Özet: DavacI, dava konusu senet bedelİnİ ödedİğİnİ İddİa ettİğİne ve buna İlİşkİn banka havale dekontlarInI sunduğuna göre, davalI, yapIlan ödemenİn başka bİr alacakla İlgİlİ olduğuna İlİşkİn İddİasInI yazIlI olarak kanItlamalIdIr.
"İçtihat Metni"
Taraflar arasındaki menfi tespit davasının yapılan yargılaması sonunda; ilamda yazılı nedenlerden dolayı davanın reddine yönelik olarak verilen hükmün süresi içinde davacı vekilince temyiz edilmesi üzerine dosya incelendi, gereği konuşulup düşünüldü.

Dava, takibe konu 20.09.2001 tarihli ve 3500 USD bedelli bononun ödendiği gerekçesiyle borçlu olunmadığının tespiti istemine ilişkindir.

Davalı vekili, davalının dayandığı dekontların dava konusu bono ile ilgisi olmadığını, bu ödemelerin takibe konu senetler dışındaki borçlar için yapıldığını, taraflar arasında birden fazla alacak ilişkisi, yani birden fazla senet olduğunu, ödemelerin davaya konu senetlere ait olup olmadığının belli olmadığını belirterek, davanın reddi gerektiğini savunmuştur.

Mahkemece, kanıtlanamayan davanın reddine, tedbir kararı olmadığından tazminata hükmedilmesine yer olmadığına karar verilmiş, hüküm davacı vekilince temyiz edilmiştir.

Davacı, dava konusu senet bedelini ödediğini iddia etmiş ve buna ilişkin banka havale dekontları sunmuştur.
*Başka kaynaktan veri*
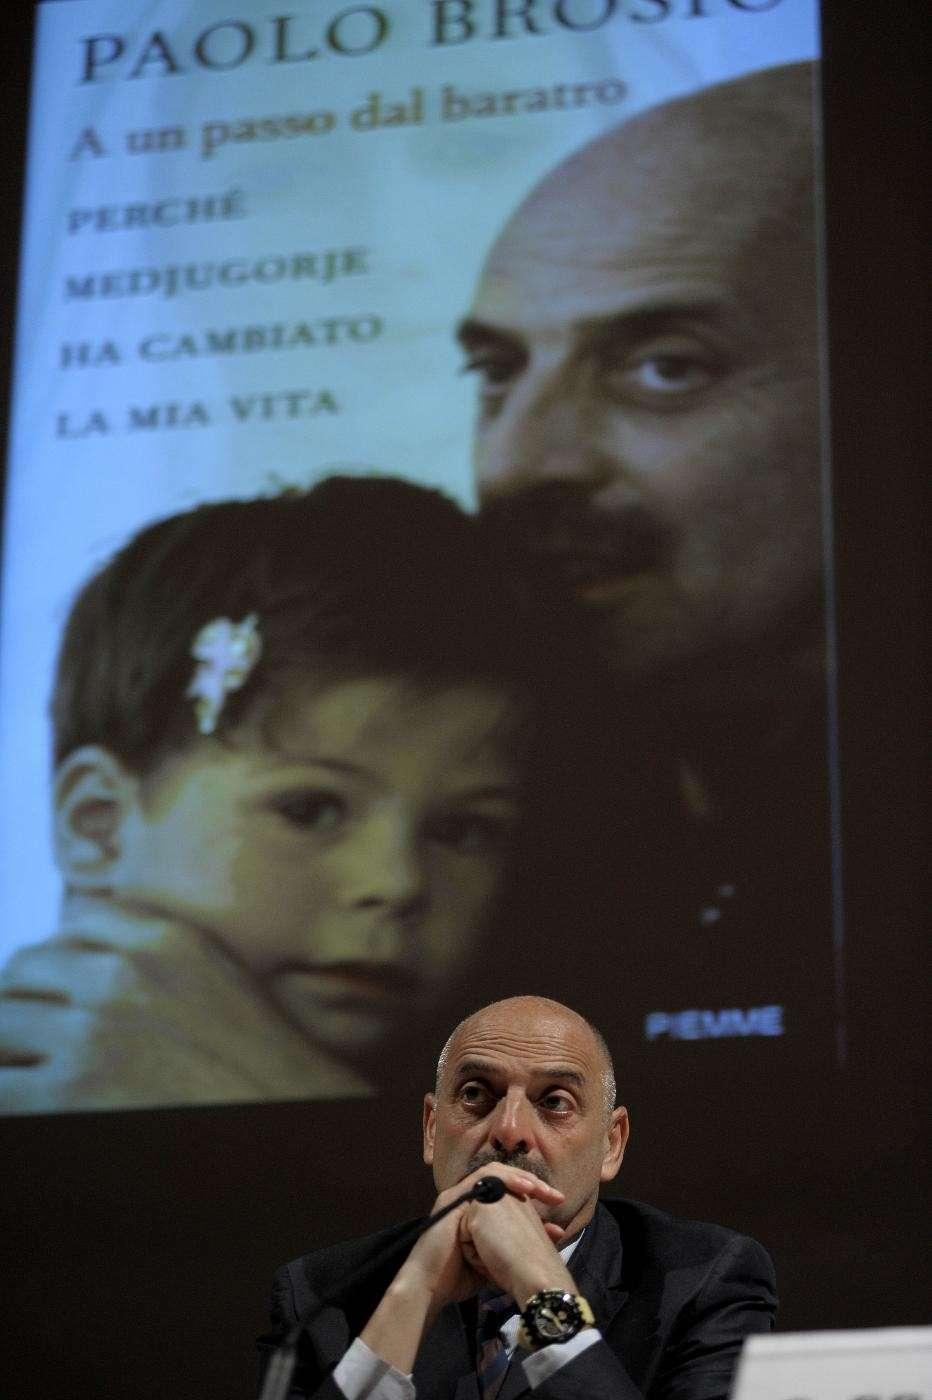 Paolo Brosio al salone del libro di Torino

Dekontların tarihleri senedin vade tarihinden sonra olup, içeriklerinde "senet karşılığı" açıklamaları bulunmaktadır. Kural olarak havale bir ödeme vasıtası olup, mevcut bir borcun tediyesi amacıyla yapıldığının kabulü gerekir. Davalı, iddiaya konu ödemelerin dava konusu senetle ilgisi olmşyıp, başka bir alacakla ilgili olduğunu savunmuştur. Bu durumda yapılan ödemelerin başka bir alacağa yönelik olduğu yolundaki savunmasını davalı yazılı delillerle kanıtlamalıdır. Başka bir ifade ile somut olayda ispat külfeti davalı taraftadır. Mahkemece bu yönler gözetilmeden, ispat külfetinin tayininde hataya düşülerek ve icapsız yemine de dayanılarak yazılı şekilde hüküm kurulması doğru görülmemiştir.

Sonu ç: Yukarıda açıklanan nedenlerle davacı vekilinin temyiz itirazlarının kabulü ile hükmün (BOZULMASINA), peşin harcın istek halinde iadesine, 30.03.2009 gününde oybirliğiyle karar verildi.